Lying down is a sign to your children that you’ve dropped your agenda. However wild the situation, you aren’t trying to control anything right now. You haven’t gone away, but you’re short-circuting the usual pattern of what happens—you’ve pulled the plug on yelling, on figuring out who is wrong, on the whole rigamarole that tends to happen when you are at the end of your rope.

Lie there. Notice how you are. Allow yourself to laugh, or cry, or growl, or kick the floor, or think dark thoughts like, “I may not survive this parenting gig!” No complaining or talking out loud, though—focus on noticing how you feel when you can’t force things to be better. Doing has not worked. Not Doing is in order.

As long as your children aren’t in major danger, it’s fine to Not Do. If one is in the high chair, screaming, you might get up and release her to the floor. If one is in the bathtub, wrap him in a towel and pull the plug. Secure all hatches, then lie down again.

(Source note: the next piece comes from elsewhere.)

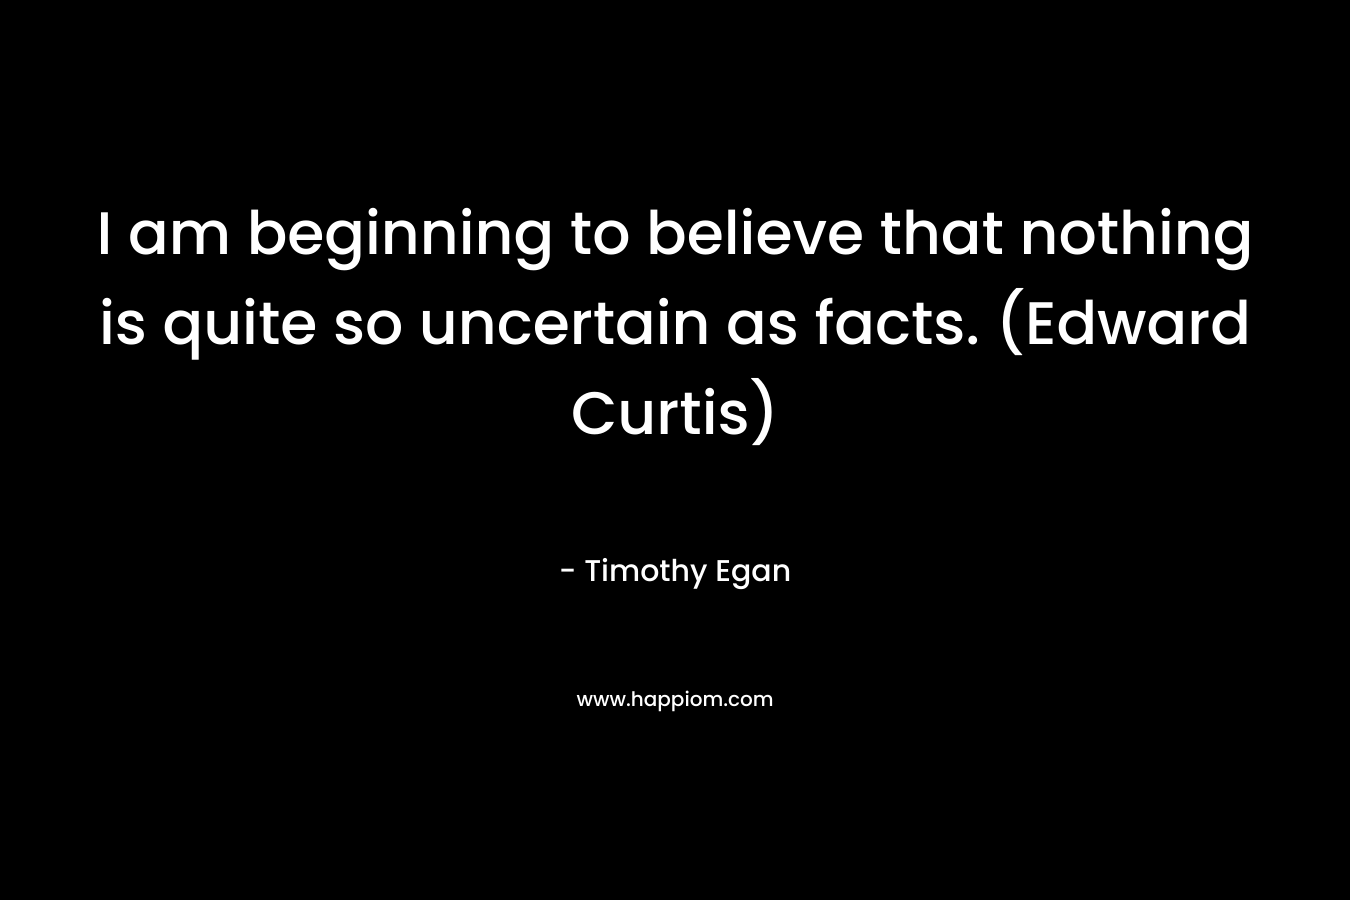 I am beginning to believe that nothing is quite so uncertain as facts. (Edward Curtis)
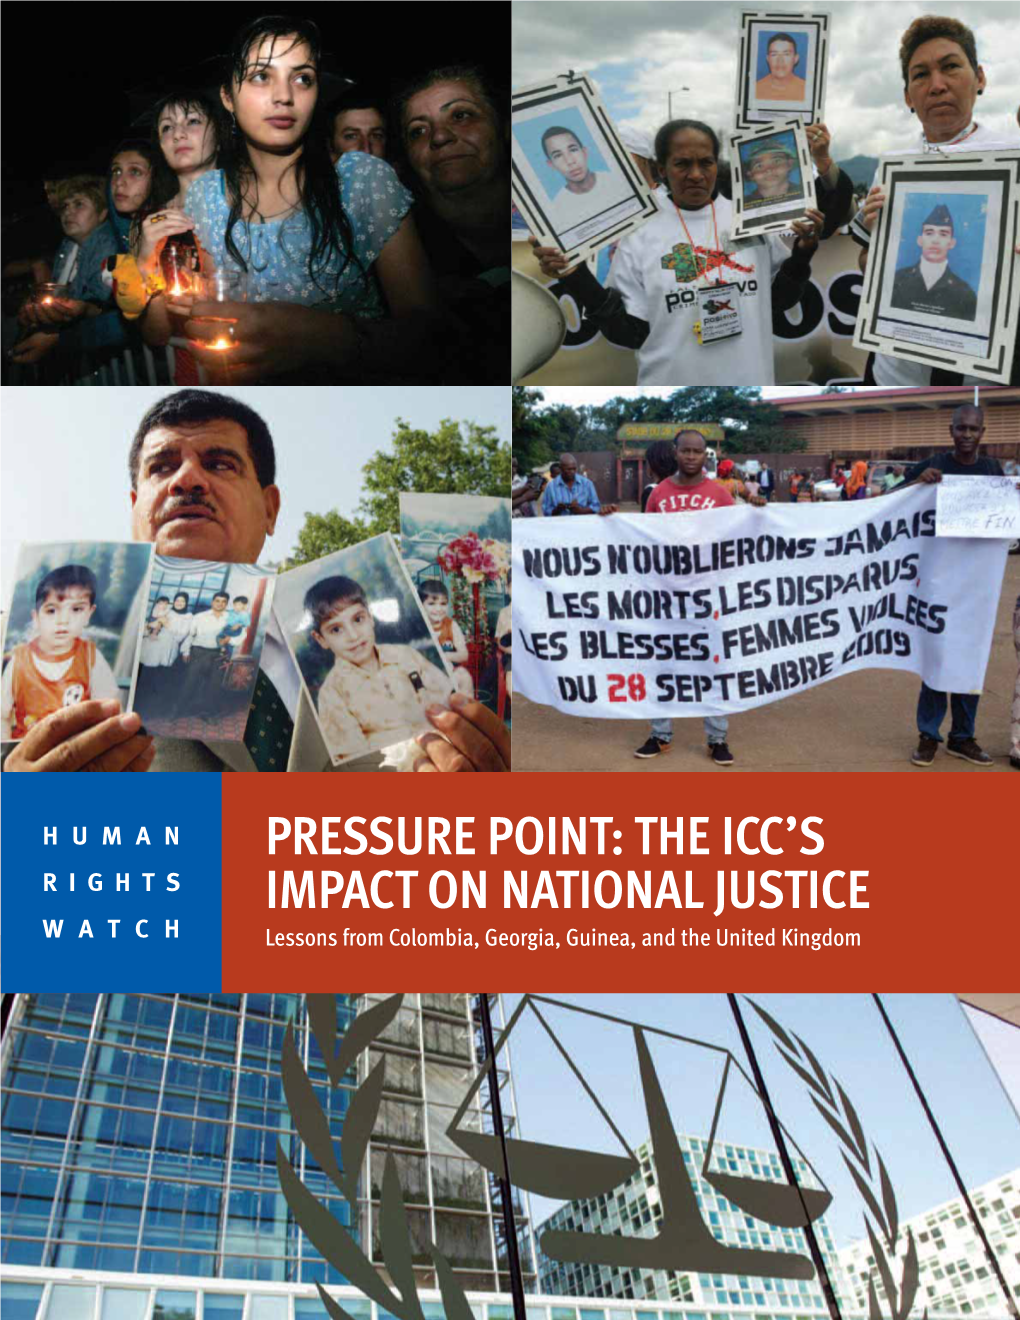 Pressure Point: the Icc's Impact on National Justice

What often happens is that by Not Doing, you can feel, and when you feel, sometimes you can release the unbearable tension by crying or laughing or even trembling. It might help you to call to mind someone who loves you, or to picture the person you wish were there to help. Your first priority is to do no harm; it is a big bonus to have a few moments to release some feelings, so you can heal a bit right there.

Even if the pent-up upset won’t spill out, 5 or 10 minutes of Not Doing on the floor may help you to connect with yourself. And your children will find a way to connect with you. They’ll eventually come over to see what’s up. They want connection. When you’re not active, their prospects for connecting are better, and they will sense that. Repair and relief can be cobbled together, without any agenda, from their side and from yours. We parents do want to be “in there” with our children, and Not Doing can open doors that were jammed shut by upset and frantic effort.

One day, a Parenting by Connection mom I know tried this in her kitchen. She was fed up with her 11-year-old son’s behavior. He had been off track for several days, and had defied her all afternoon. She could feel the harshness inside her mounting.  She made herself lie down on the linoleum floor. She managed to squeeze out a few tears of frustration, and after about four minutes, that same son came in, saw her, and sat on her tummy. He said, “Mom, I’m not going to let you up. You have to stay here. You’ve been too busy!” with a big, warm smile on his face—an entirely different expression than she’d seen in days. He put his hands around her wrists, pinning her gently. She is a mom who is ultra-aware of what everyone around her needs, ultra-responsible, and pretty darned busy. She began to laugh.

He sat there and grinned at her, and she lay there laughing at this odd turn of events. The idea that her son would keep her there, the idea that he would force her to Not Do, the idea that he was loving her while she was Not Doing, struck her as extremely funny. She asked every now and then, “Can I get up yet?” and he said, “No” again and again. She could feel her own discomfort with Not Doing, and her laughter kept rolling.

Eventually, he agreed that she could get up, and they resumed their daily activities. Were they better connected? Yes. Were things better between them? I’ll say! Had he managed to actually help his mom in the process? Yes, both of them gained.

No one can guarantee that your experiment with this strategy will be a “Wow!” experience. But whatever happens, you will have short-circuited the troubled moments you are hoping to avoid. Something fresh will happen. You’ll be a learner. And you will be able to pat yourself on the back for your willingness to experiment, and your determination to figure out  a 4-Alarm strategy for yourself and your children.